(EXERCISE INSTRUCTIONS):
No pictures belong in the copy, but every line of the material below must be reproduced exactly.

(DATA BLOCK):
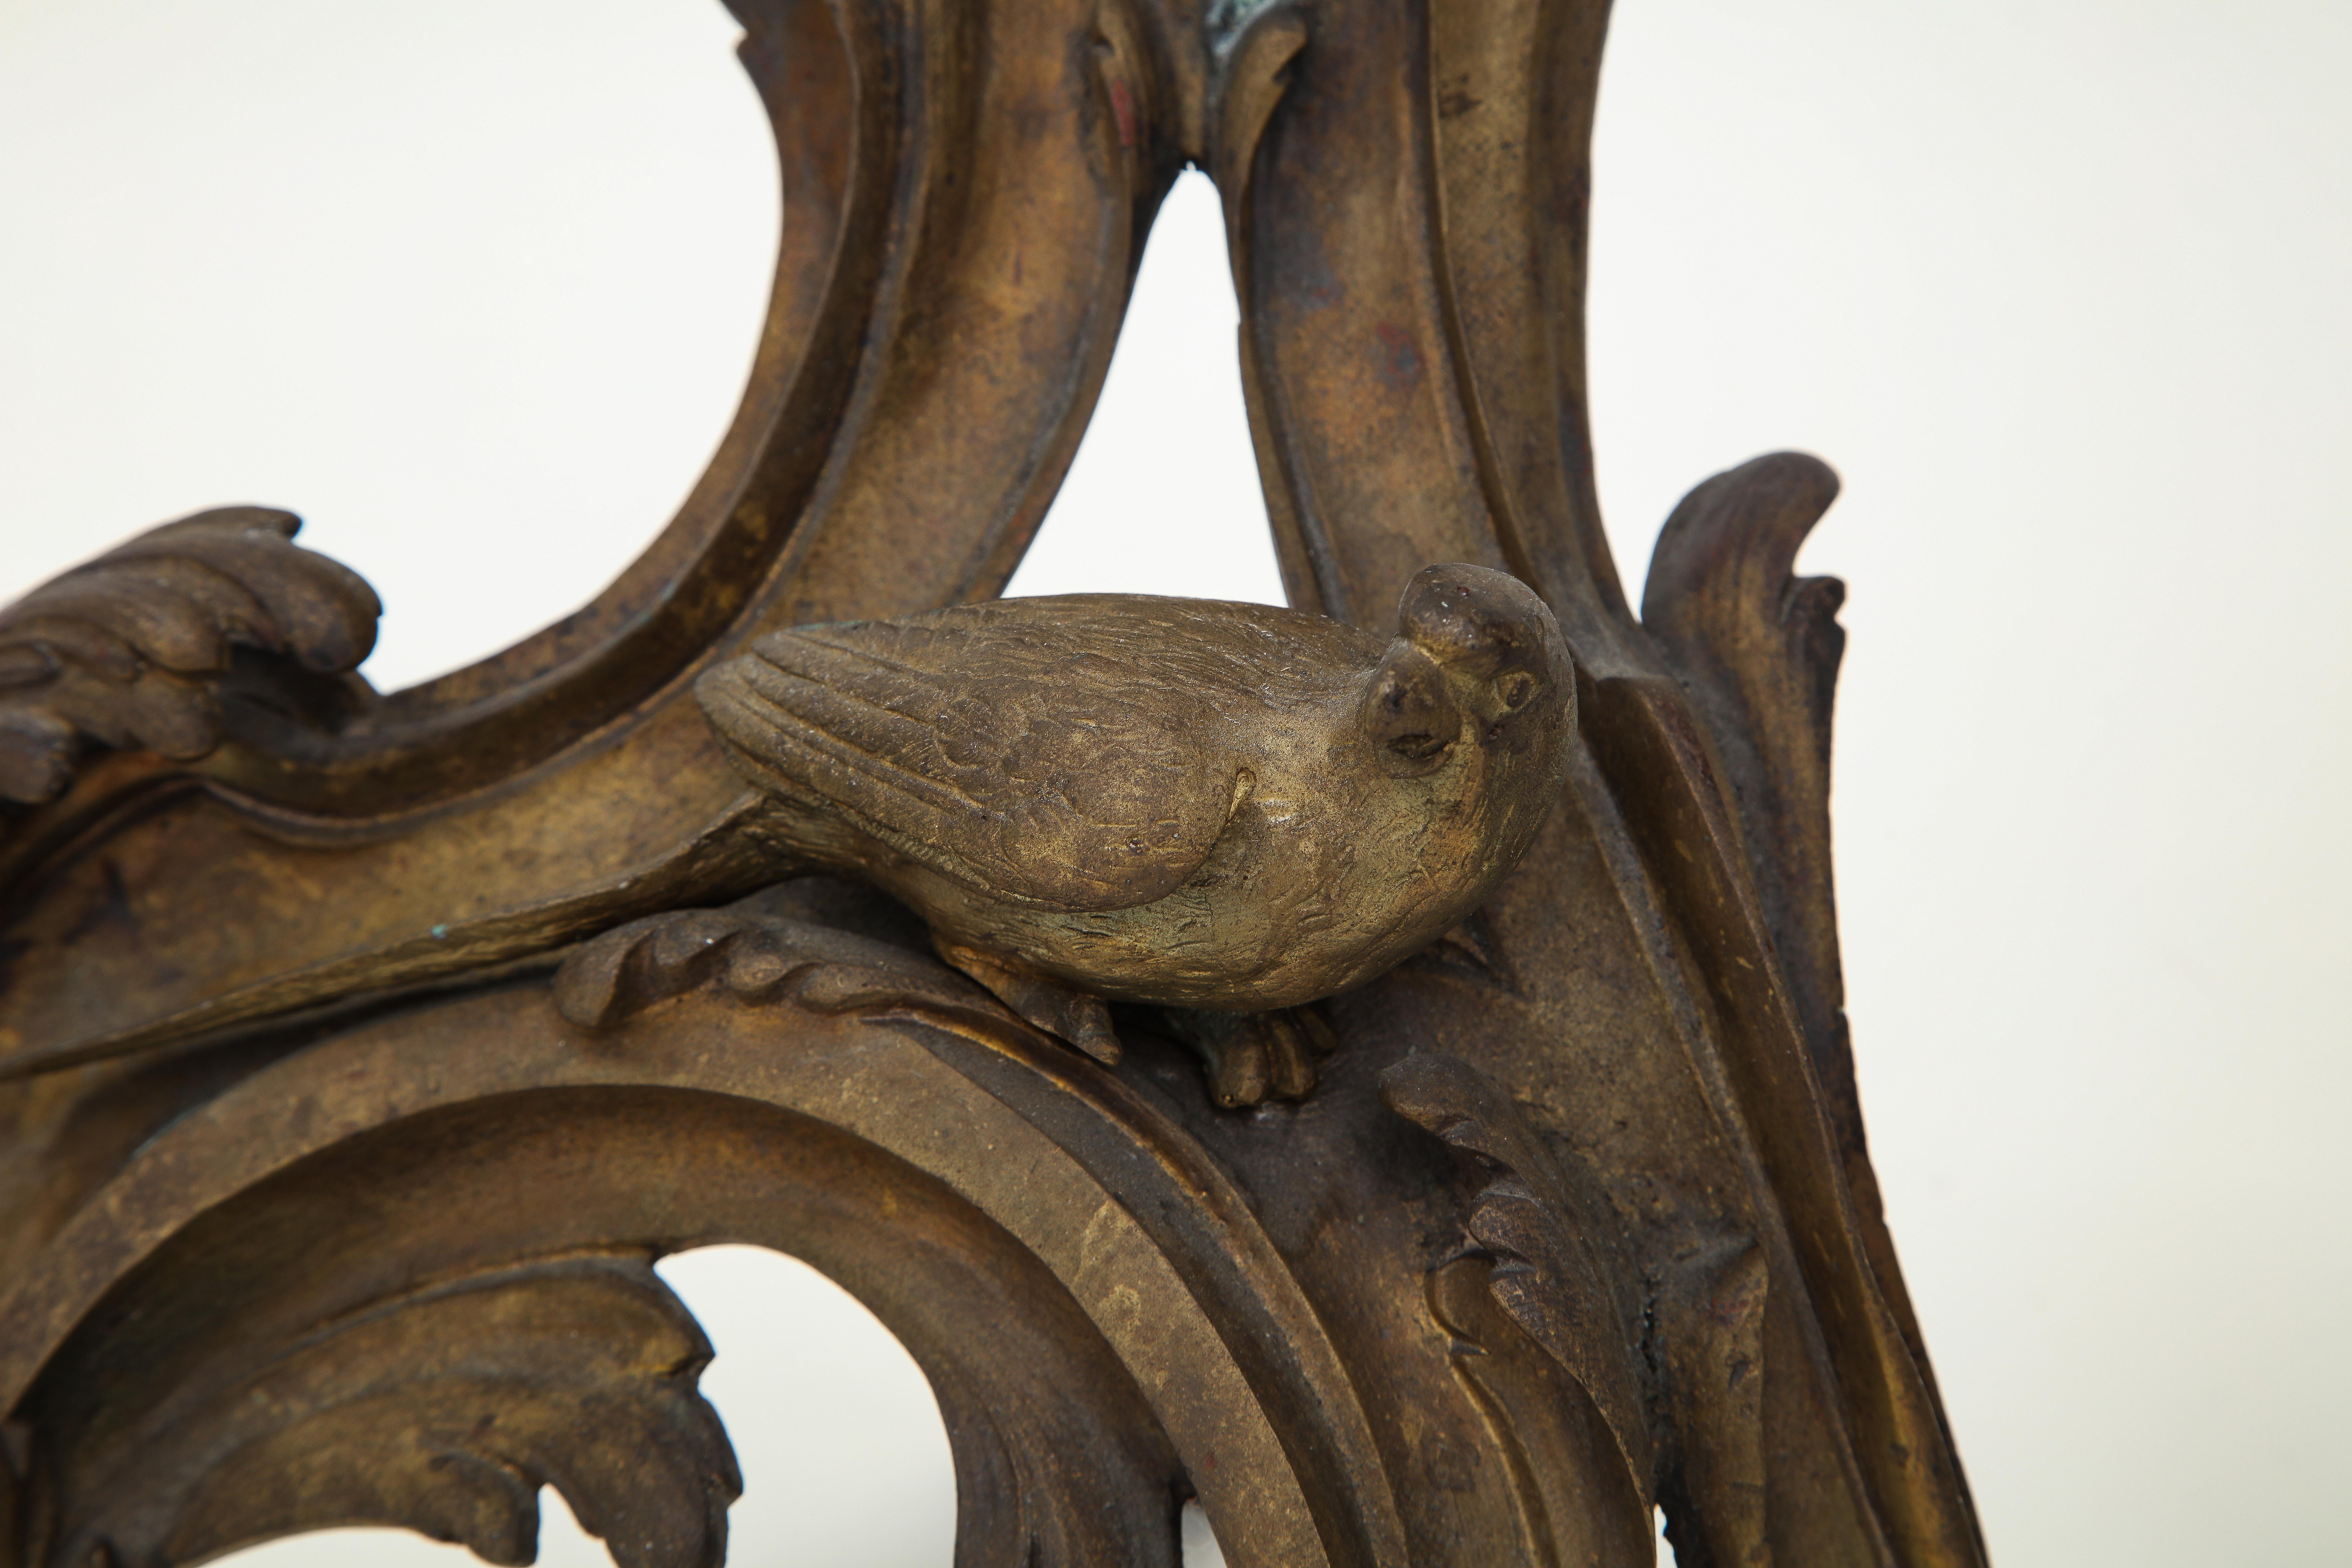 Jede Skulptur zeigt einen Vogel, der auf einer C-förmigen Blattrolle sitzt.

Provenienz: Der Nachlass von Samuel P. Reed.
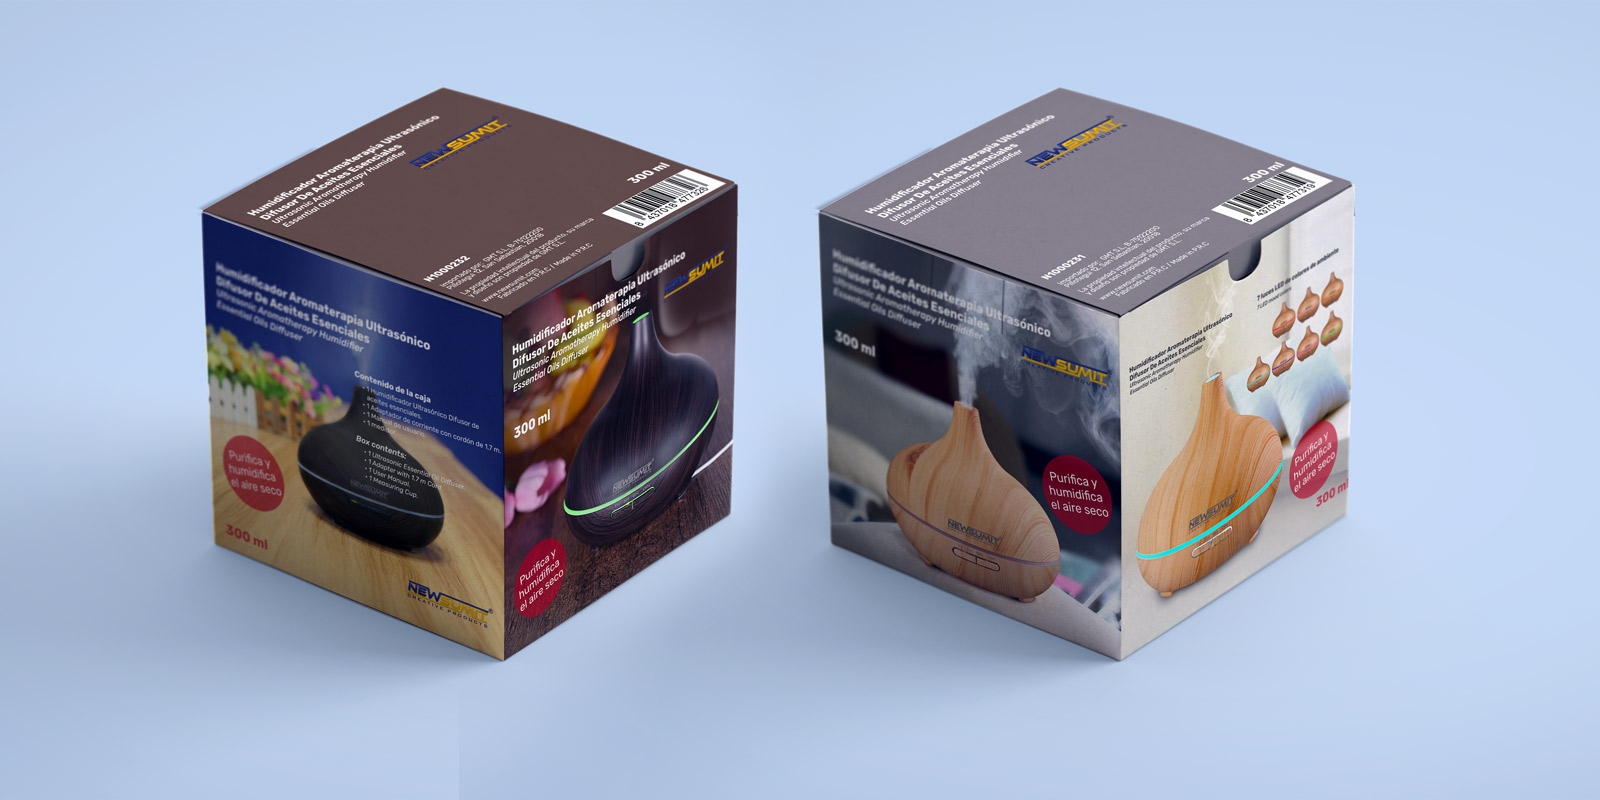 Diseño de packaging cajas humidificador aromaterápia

(COMPLETED TASK):
 Jede Skulptur zeigt einen Vogel, der auf einer C-förmigen Blattrolle sitzt.

Provenienz: Der Nachlass von Samuel P. Reed.
 Diseño de packaging cajas humidificador aromaterápia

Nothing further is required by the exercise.